What is ubiquitous computing and how is it applied?
October 30, 2020
At present it is evident that technology is always connected, allowing to generate increasingly intelligent environments, capable of interacting with the human being naturally, simulating the perception of human reality represented by an information system, which involves the generation of learning to adapt to the characteristics of the context and the agents of the environment.
According to Wikipedia: “The term ubiquitous technology comes from the late computer scientist Mark Weiser who developed this idea in the 1980s. The concept of ubiquity was used by Weiser in the information and communication technology sciences in a job for Xerox PARC in 1988. Subsequently, in 1991 it had a major impact and the term began to be used worldwide.”
Ubiquitous computing is a tendency of all electronic or intelligent things towards network connection, using information systems as the basis. We can also define it as the integration of information systems into our real world. In this way computers cease to be differentiated objects and access to information is achieved at any time and through various devices, giving way to the generation of ubiquitous technology, where technology and human beings are immersed as the main actor of this work called Future.
Ubiquitous computing is a paradigm that contains models related to mobile computing, combined with the distributed computing model. It starts from mobile systems; they work in a distributed way and have the ability to integrate into autonomous environments due to the use of ubiquitous devices.
Models for designing and developing Ubiquitous technology
The technology depends on the use that we will give it, but also its development, design, features. Mark Weiser proposed three different models to shape this technology.
Technological devices with small sizes (Tabs), such as tablets or folding phones that can be easily used and transported by a user.
Smaller devices (Pads), such as watches, bracelets or small screens the size of a hand, could also be like Nintendo Game Boy game consoles, etc.
Includes larger objects (Boards) that can measure meters.
This new form of computing has the following characteristics
- Invisible: intervenes in our daily lives, but it is so insignificant, that people forget about its great impact on the everyday.

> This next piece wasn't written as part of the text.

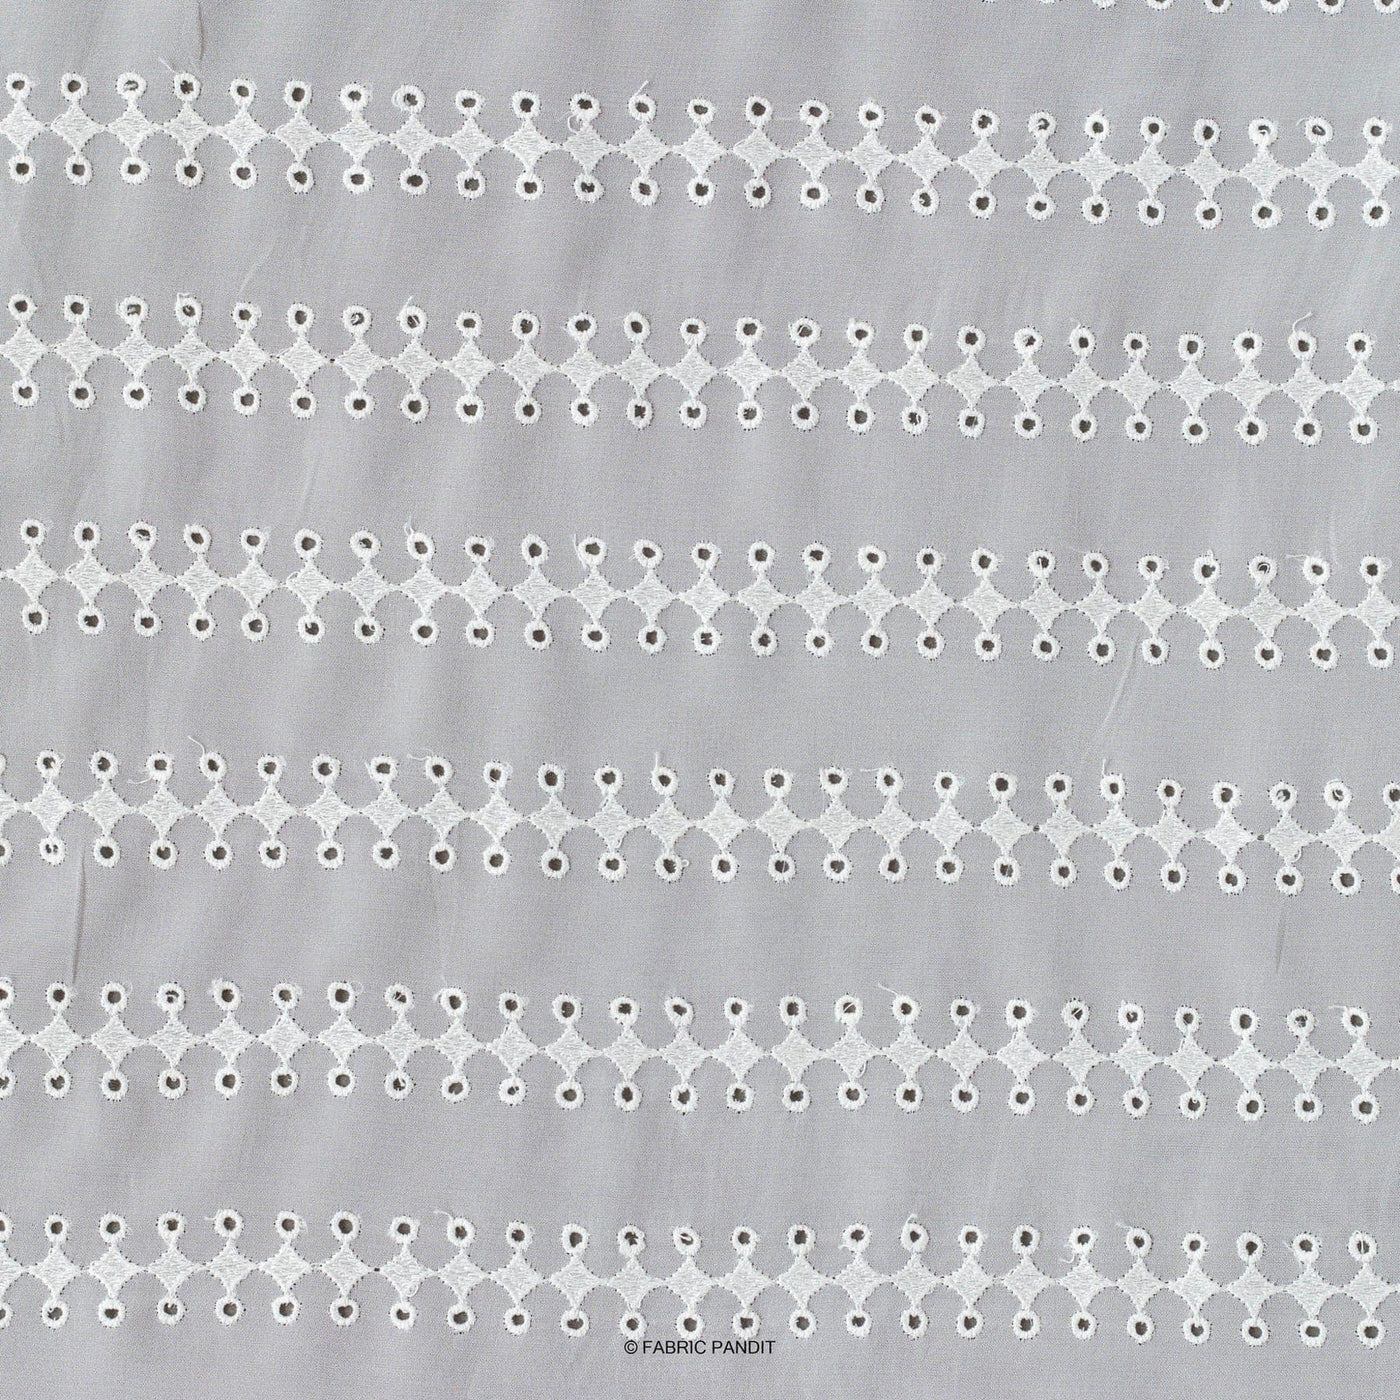 Fabric Pandit Fabric White Schifili Embroidered Diamond Stripes Borer Pattern Pure Georgette Fabric (Width 44 inches)

- Ubiquitous: Allows integration between the computer and the environment in which people are developed through integrated devices (tablets, cell phones, cards and radio frequency identification readers (RFID), among others) in the environment so that they allow access and communication anywhere and at any time.
- Dynamic: on the one hand, there are users who are continuously on the move within a ubiquitous computing environment; on the other hand, devices entering and leaving a computing environment, leading to the structure of systems changing dynamically.

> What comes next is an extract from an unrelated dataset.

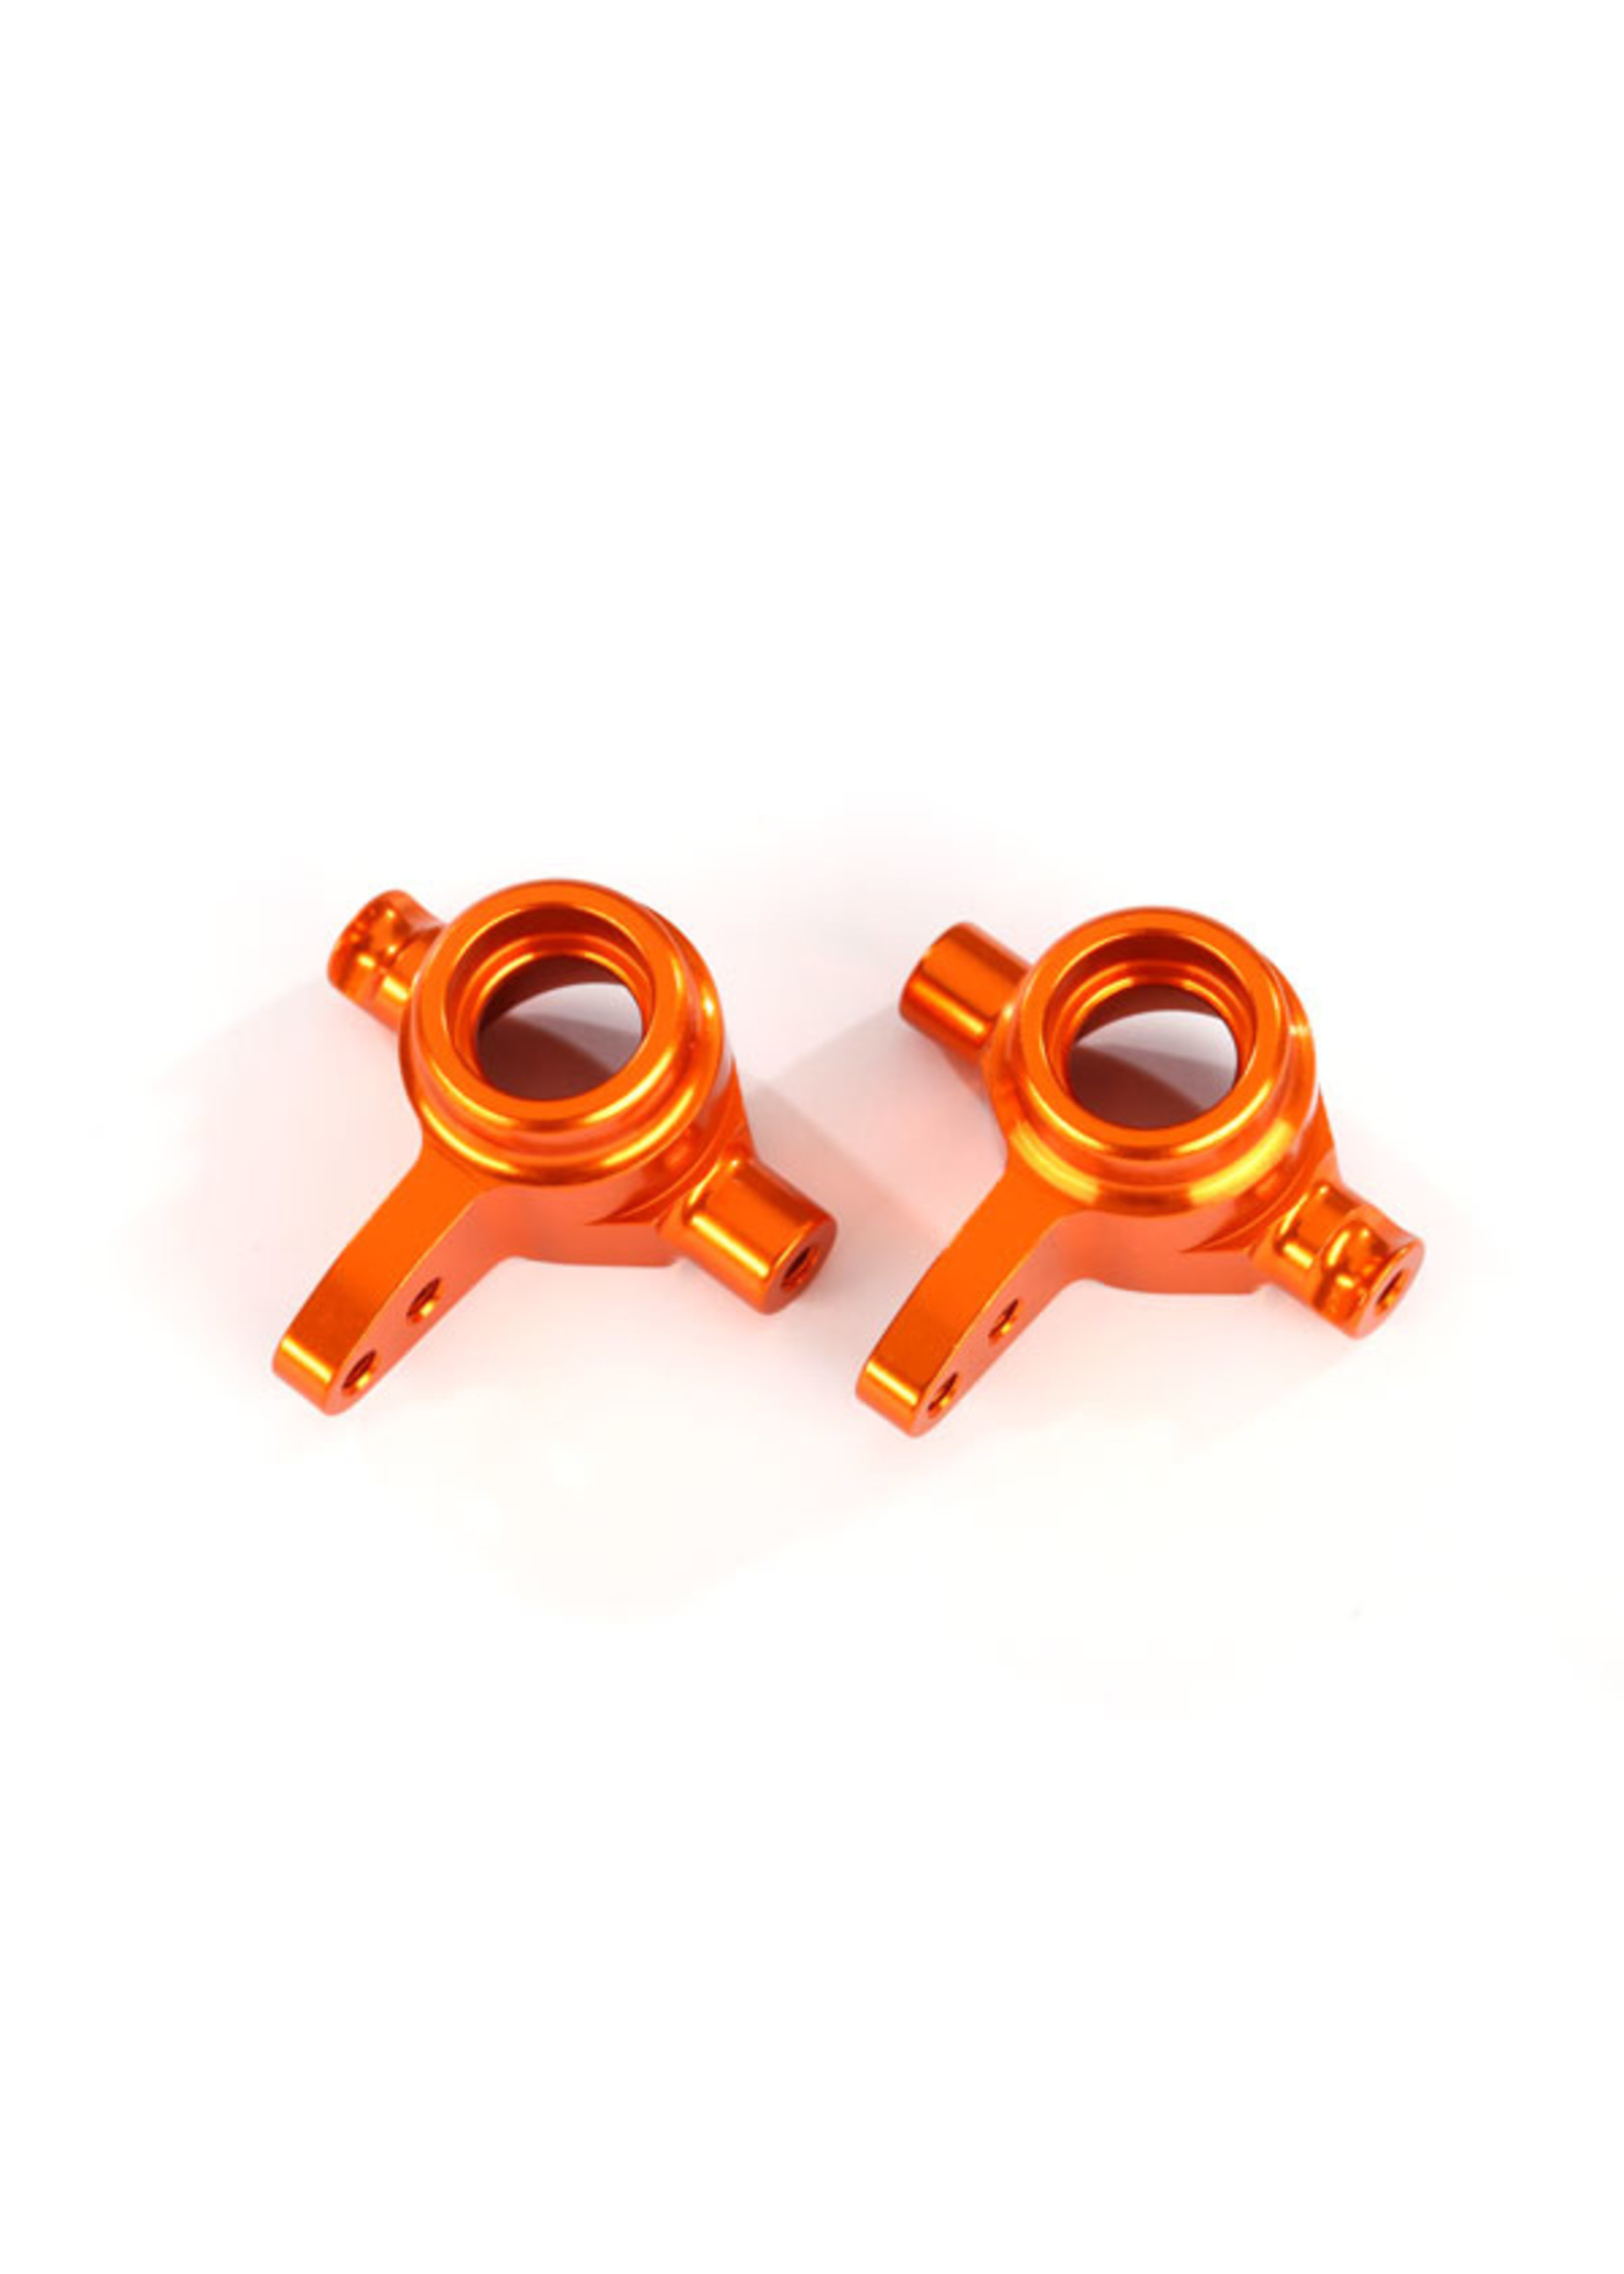 Traxxas 6837A - Aluminum Steering Blocks - Orange

- Self-assessment: a ubiquitous system is capable of detecting and/or inferring the needs of its users, and voluntarily providing them with the required information services.
Main functions of a Ubiquitous system
- Sensing: Sensors provide a means of acquiring data or information about the physical world or some aspect of the same context or reality.
- Think: The captured data is processed and, in combination with other information possessed by the system, new information about the situation of the different entities that are using the system is inferred.
- Act: once the system has characterized the situations of the different entities, that is, it has understood its context; it is in a position to implement the actions most suitable for the achievement of its objectives.
Tendencies to the future
A very relevant role for virtual worlds in relation to entertainment and its strong relationship with social media is in ubiquitous technology. One idea that has been around computer smokers lately is to predict that humanity’s future is in the virtual worlds, even talking about a new educational model or models developed from the implementation and dissemination of new technologies in the world of learning, improving cognitive abilities through computing and communications worldwide. Another big trend is to create interfaces that are adaptable to the size of the devices, that can be everywhere and that also do not need the use of hands. The idea is that you can use sensors and other peripherals (cameras or microphones) instead of your hands.
Areas of research
Ubicua Computing represents a great scientific-technical challenge, a great niche opportunity and is an attractive area for the business sector. Its adoption, as one of the strategic lines of development of the country, will be reflected in a social impact, a scientific impact, a technological impact, and finally an economic impact. The areas of research and development that are identified as high priority within the ubiquitous computation and without being exhaustive specialize in the areas for sensor creation, distributed systems, mobile computing and e-medicine.
Architecture for ubiquitous computing
Components of an intelligent environment, analyzing the physical and intermediate layer of Ubiquitous computing.
It is related to tangible components that allow an approach and interaction with the environment, such as: sensors, chip systems, insightful interfaces, intelligent materials, reconfigurable processors, speech recognition systems and signs. Both for obtaining user information and receiving system response; among these sensors we find visuals, audio, actuators, among others.
This layer has a responsibility to manage the input and output information that is part of the intelligent environment. This includes data networks and devices connected to it. The physical layer contains the related technologies required for the deployment of a context-sensitive application.
They constitute the software components of the system. Reconciles the information obtained in the physical layer and sends it to the application layer; considering that the physical layer contains or uses various technological components, it is necessary for the middle layer to integrate the obtained information. Includes new features in addition to those offered by the physical layer; for example, abstraction of information. Intermediate layers can be classified into three types: oriented to ubiquitous computing, context, and intelligent environments.
They include intelligent agents, as well as the processes and tasks involved with each of the processes, in order to offer the necessary services.